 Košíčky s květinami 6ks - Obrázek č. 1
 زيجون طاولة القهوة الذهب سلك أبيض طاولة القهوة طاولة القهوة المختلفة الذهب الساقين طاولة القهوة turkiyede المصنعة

====

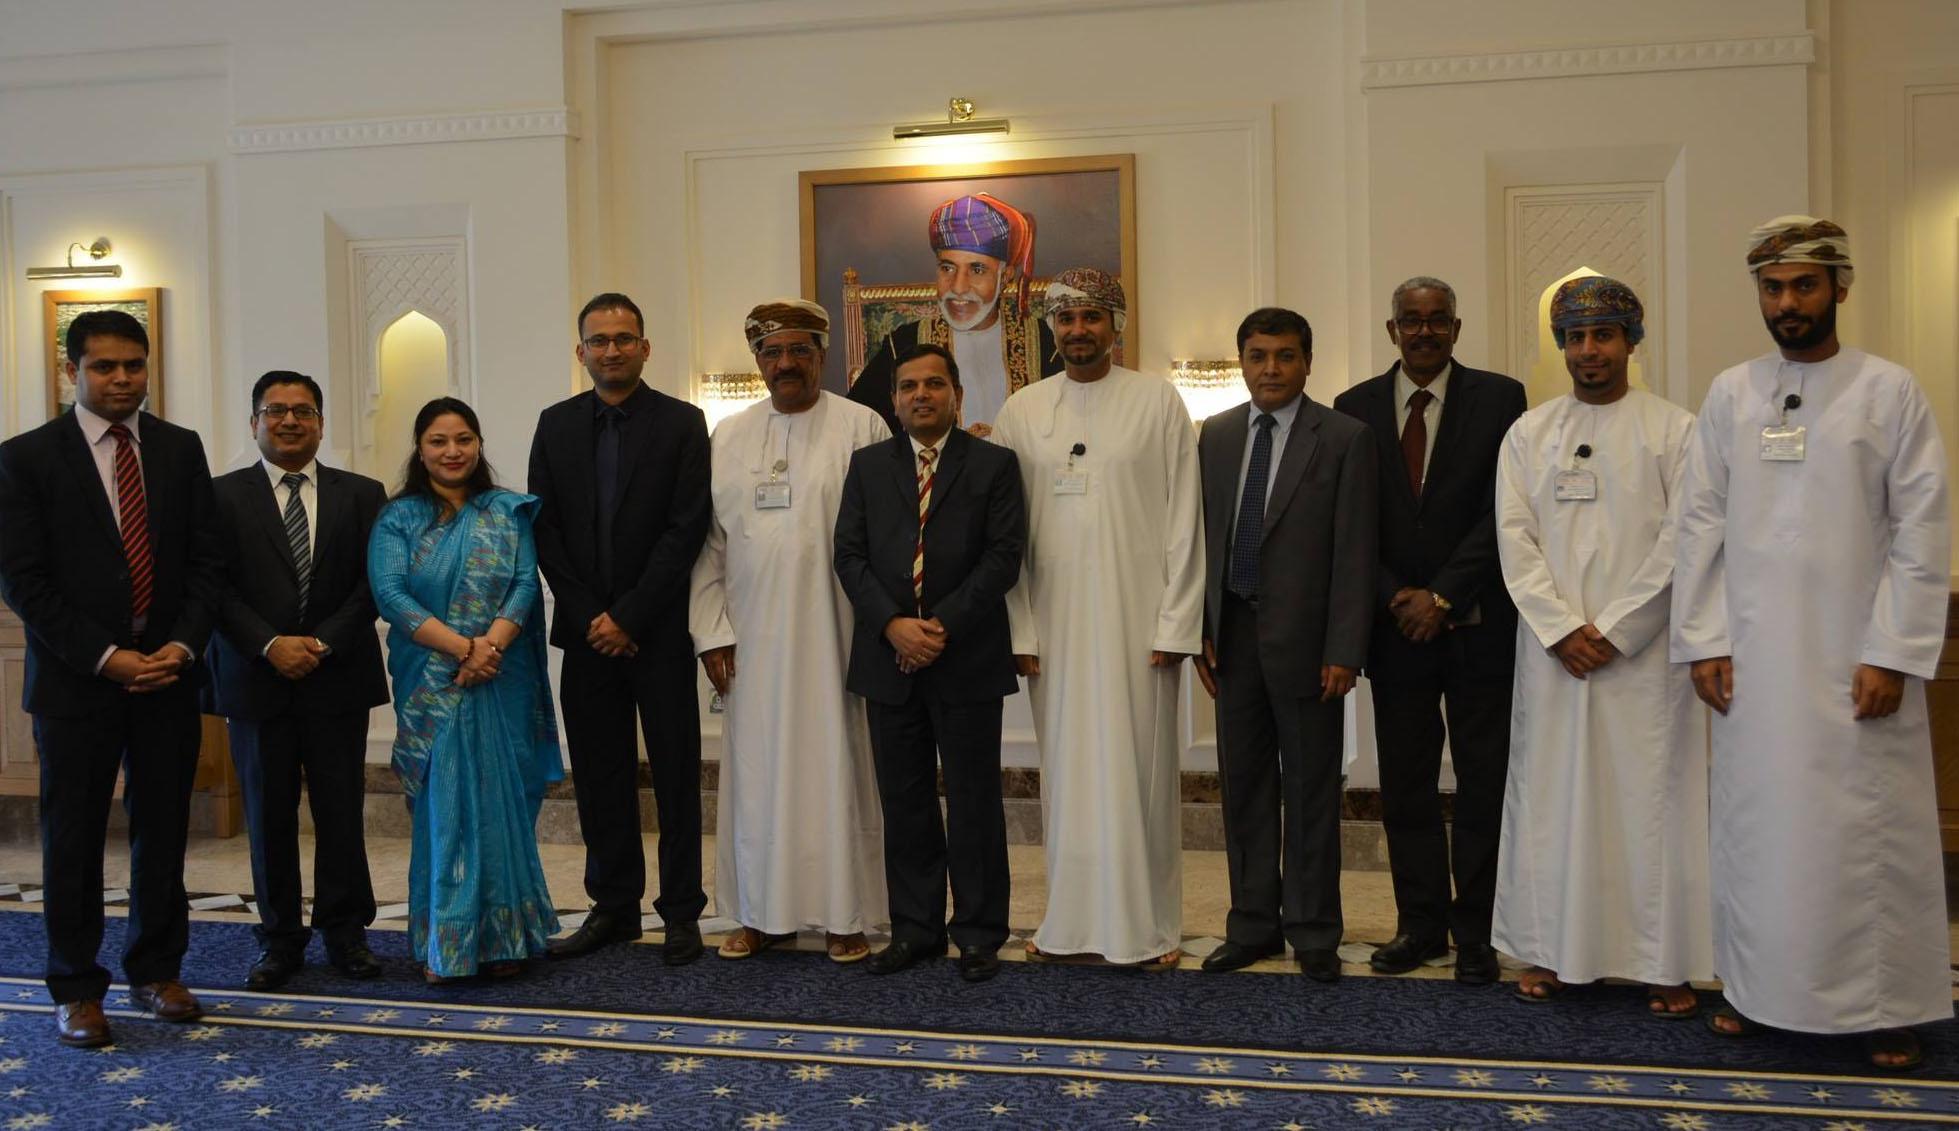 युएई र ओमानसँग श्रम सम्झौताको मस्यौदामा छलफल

====

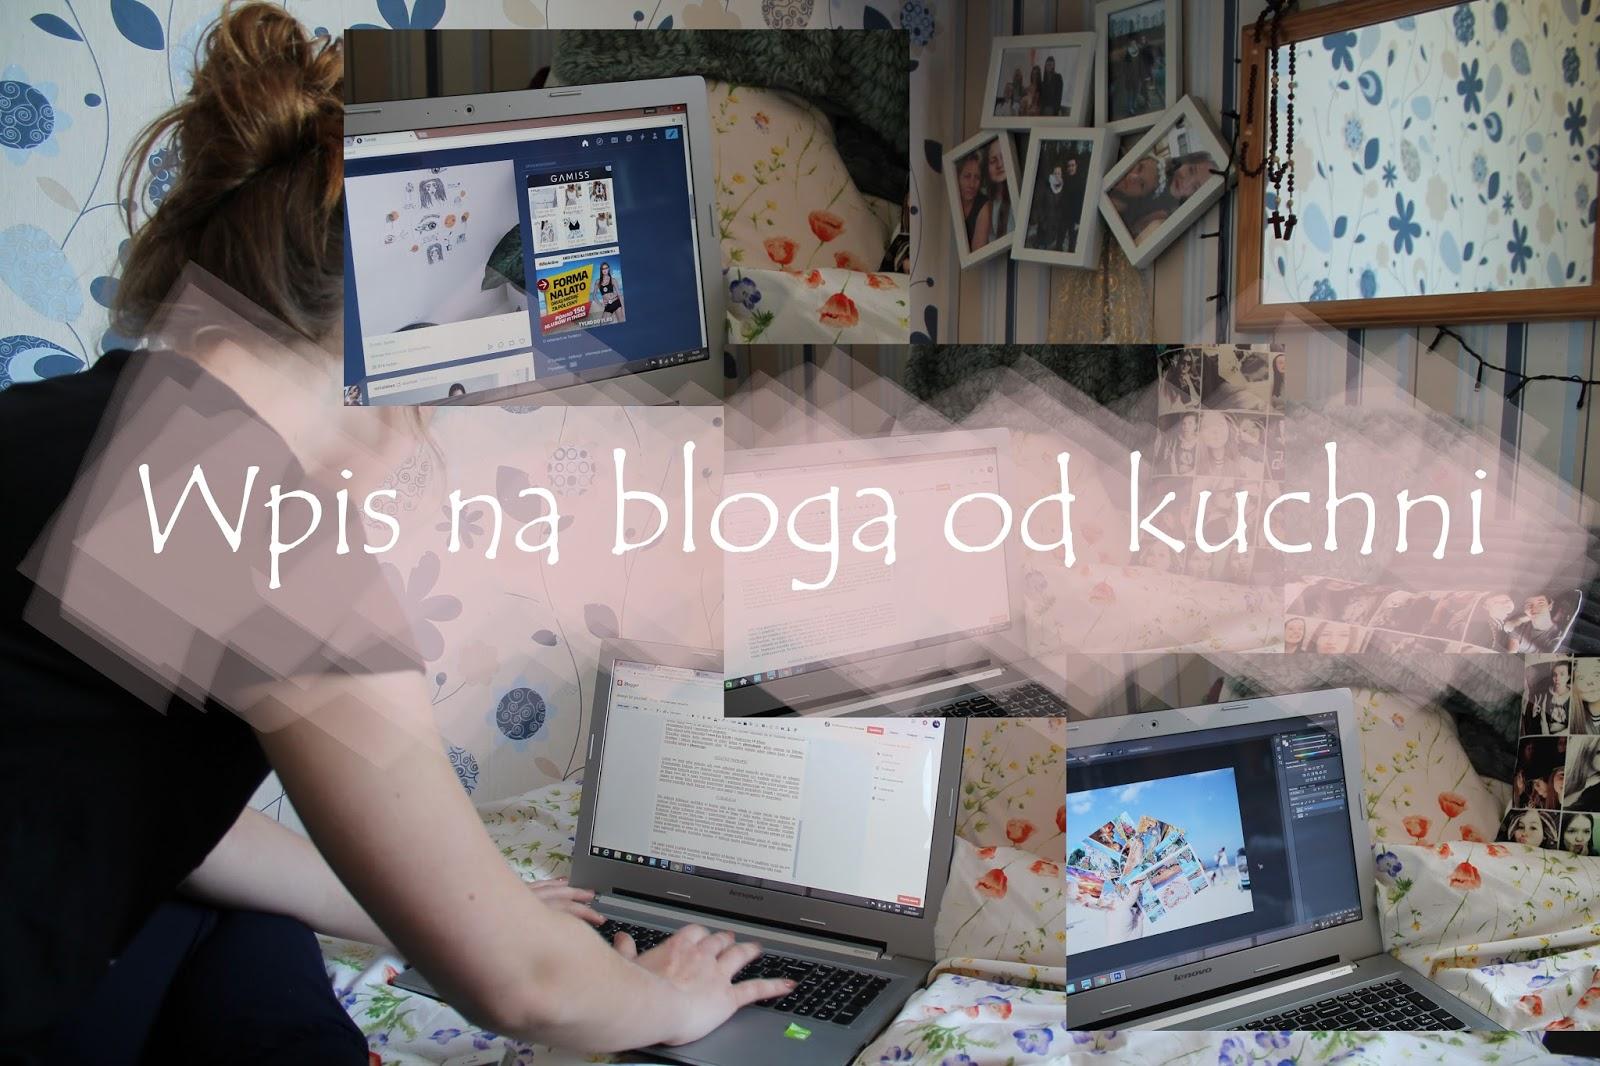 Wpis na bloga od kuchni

====

**The problem**: Above are the records; repeat exactly the lines from the one holding "Košíčky s květinami 6ks - Obrázek č. 1" down to the one holding "زيجون طاولة القهوة", end lines included.

**Task result**:
 Košíčky s květinami 6ks - Obrázek č. 1
 زيجون طاولة القهوة الذهب سلك أبيض طاولة القهوة طاولة القهوة المختلفة الذهب الساقين طاولة القهوة turkiyede المصنعة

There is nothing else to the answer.